Olito and Fox 2015 used various statistical models that embodied different (loosely specified) biological hypotheses about the mechanisms governing which pollinator species visit which plant species in an alpine meadow. The models are statistical models that happen to be fairly interpretable biologically. We used Monte Carlo methods as a numerical procedure to figure out what the fitted statistical models predict about various measures of plant-pollinator network structure. For instance, if as a purely statistical matter the best predictors of the frequency with which pollinator species X visits plant species Y are plant abundance and pollinator proboscis length, what would you predict the nestedness of the plant-pollinator network to be?
I’m not sure accounting for ionization in stellar spectra is all that relevant, because that’s a case where there are very well-understood, basic physical processes that are dominant and *have* to be operating. (I’m tempted to guess that an ecological equivalent might be something like the fact that when predator eats prey, the prey population must decrease, or that organisms generally can’t reproduce after they die.) There are lots of other areas of astronomy where multiple, complex, poorly understood processes *might* be operating, and where one could conceivably use a “randomization-based model” as part of the analysis.
Unfortunately, I’m not really sure what exactly is meant by “randomization-based null model” in an ecological context, so I can’t really say how common or rare such an approach is in astronomy. (I mean, it’s pretty clear you don’t mean just any Monte Carlo approach, and you mean something more than just simulating basic sampling errors, but it’s not clear to me what is being “randomized”, or how. And, yes, I took at look at the links, but they assume a pre-existing knowledge of the details….)
But maybe this would be a possible example: This paper” from 2011 looked at the question of whether the primary galaxy in a cluster of galaxies (“BCG” = “brightest cluster galaxy”) tended to be elongated in the same direction as the overall distribution of the rest of the galaxies (the “satellites”) in the cluster. Part of their analysis involved making a control sample based on their data catalog of galaxies and clusters: “… we prepare our control sample as follows: we shuffle the BCGs by assigning random positions (RA and DEC) [basically, celestial longitude and latitude] to them, but keep all other information of the BCGs unchanged. Then around each BCG (at new random position), we re-assign ‘cluster satellites’ by choosing those galaxies that are falling within the R_scale from the BCG”. (R_scale being a measurement of the BCG’s original cluster size.) This, I think, would qualify as a randomization-based “null” model — the idea being that in this model, a BCG would not, on average, share an alignment with (new) galaxies in its vicinity, since there’s no possible causal connection between them. And, indeed, they find that their “alignment” measurement averages to zero for the control sample, while it is significantly nonzero for the original (real) sample.
This seems entirely unexceptional to me, so I suspect that the general answer to your question is that “randomization-based models” are fairly common in astronomy.
“I’m not sure accounting for ionization in stellar spectra is all that relevant, because that’s a case where there are very well-understood, basic physical processes that are dominant and *have* to be operating.”
That’s precisely my point. The non-ecological examples of people subtracting out from their data all and only the effects of some process or factor are all cases where the process or factor is well-understood theoretically. Which I would argue should give ecologists pause when they try to subtract out from their data all and only the effects of some process or factor for which they can’t write down a good universally-applicable theoretical model.
“Unfortunately, I’m not really sure what exactly is meant by “randomization-based null model” in an ecological context”

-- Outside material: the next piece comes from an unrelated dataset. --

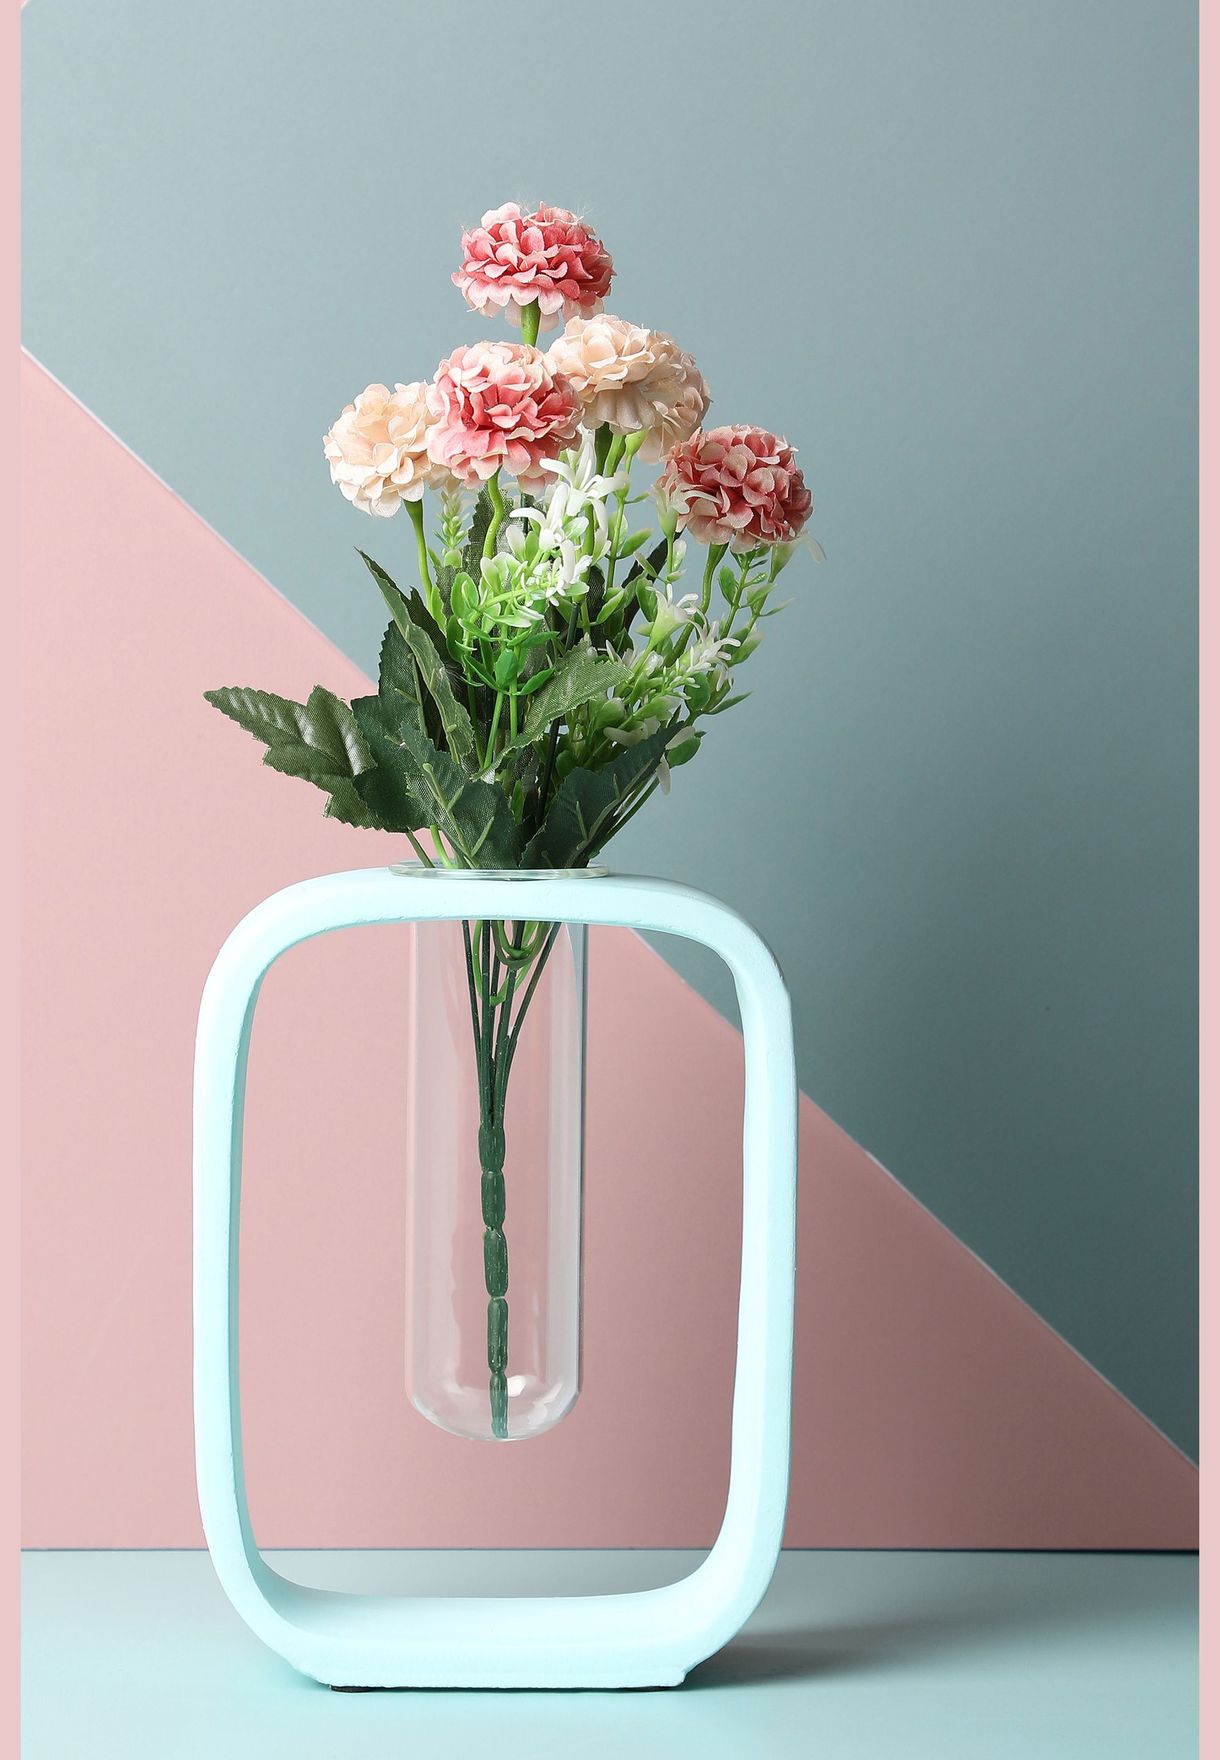 Sqaure Shaped Modern Glass Test Tube Ceramic Flower Vase For Home Decor 
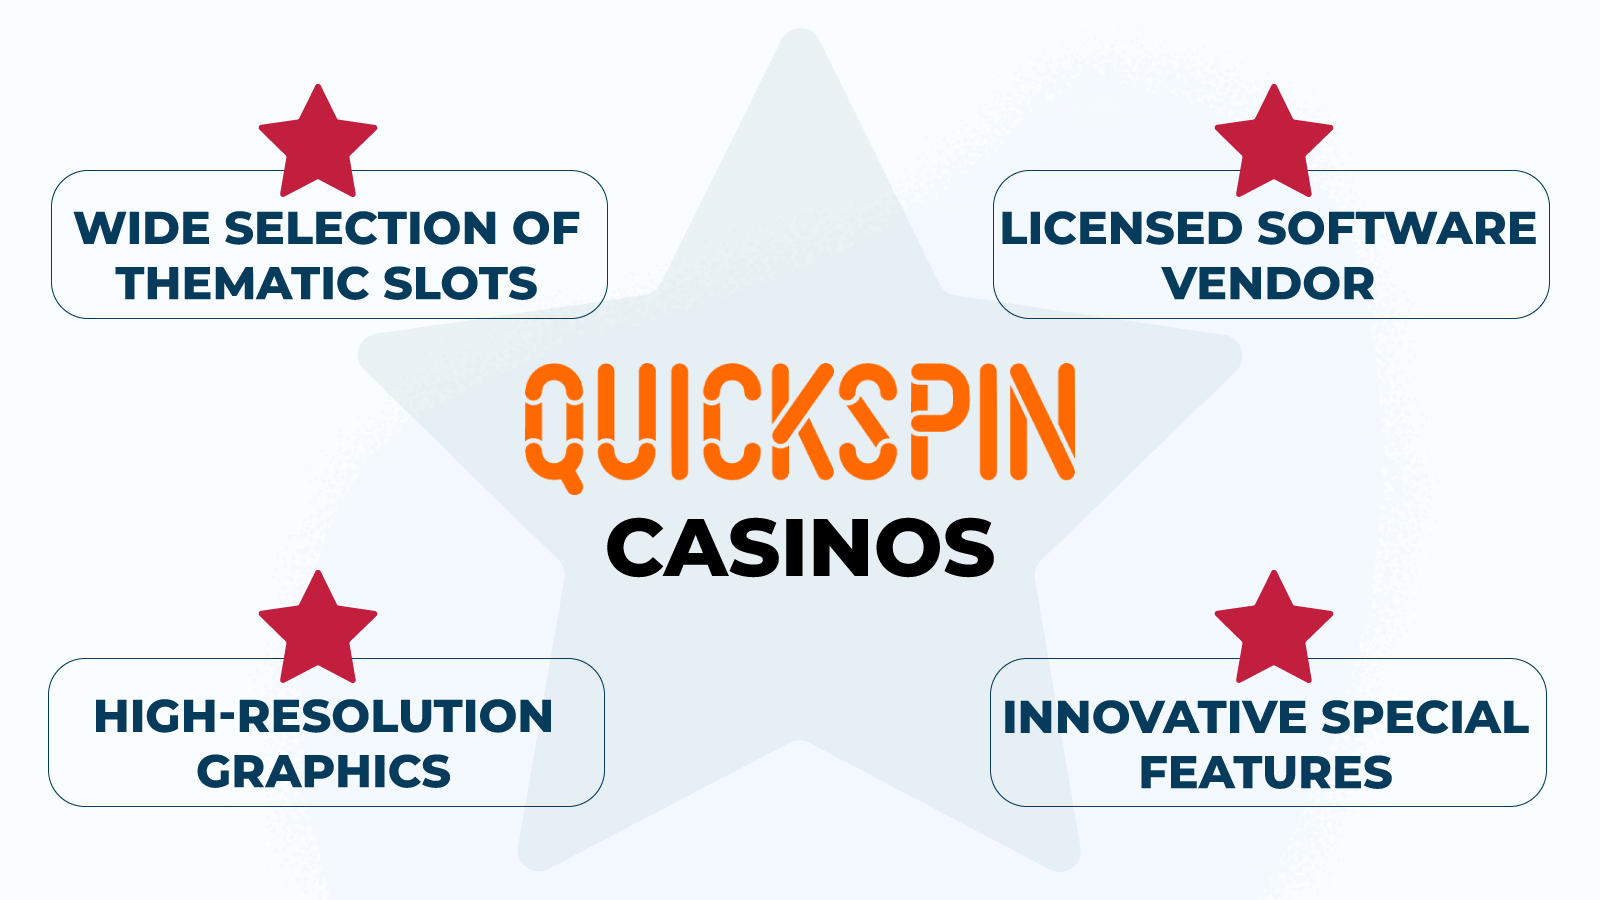 Where do Quickspin Casinos shine

In an ecological context, the canonical example is randomization of species x site matrices in an attempt to remove all and only the effects of interspecific competition. Diamond (1975) observed that some pairs of closely related bird species in the Papua New Guinea archipelago exhibited “checkerboard” distributions: any given island had one species or the other but never both. Diamond (1975) interpreted checkerboard distributions as evidence for interspecific competition, inferring that similar bird species couldn’t coexist. But as critics pointed out, other processes besides interspecific competition could generate checkerboard distributions (Connor and Simberloff 1979, 1983). Perhaps the two species are best-adapted to different environments and each is found in the environments to which it is best-adapted, for instance. Or perhaps their distributions relative to one another are just a matter of random chance.
In response, ecologists began to use randomized null models to infer whether the distributions of species among sites (e.g., occurrences of birds on islands) reflect interspecific competition. The basic idea is to randomly shuffle the observed “species × sites matrix” (the data matrix recording which species occur at which sites), so as to generate hypothetical data in which the probability that a given species will occupy a given site is independent of whether or not any other species occupies the same site. Typically, the randomization is done under constraints to ensure that the randomized data retain other features of the observed data. For instance, many randomized null models randomize species’ occurrences among sites under the constraints that each site end up with the same number of species as it had in the observed data, and that each species occur at the same number of sites as it did in the observed data. From the observed data, one calculates some test statistic that summarizes the extent to which the sampled species exhibit checkerboard distributions. One then compares the observed test statistic to the distribution of values from the randomized data sets. If species tend to co-occur less often than expected under the randomized null model, one infers that interspecific competition is at work.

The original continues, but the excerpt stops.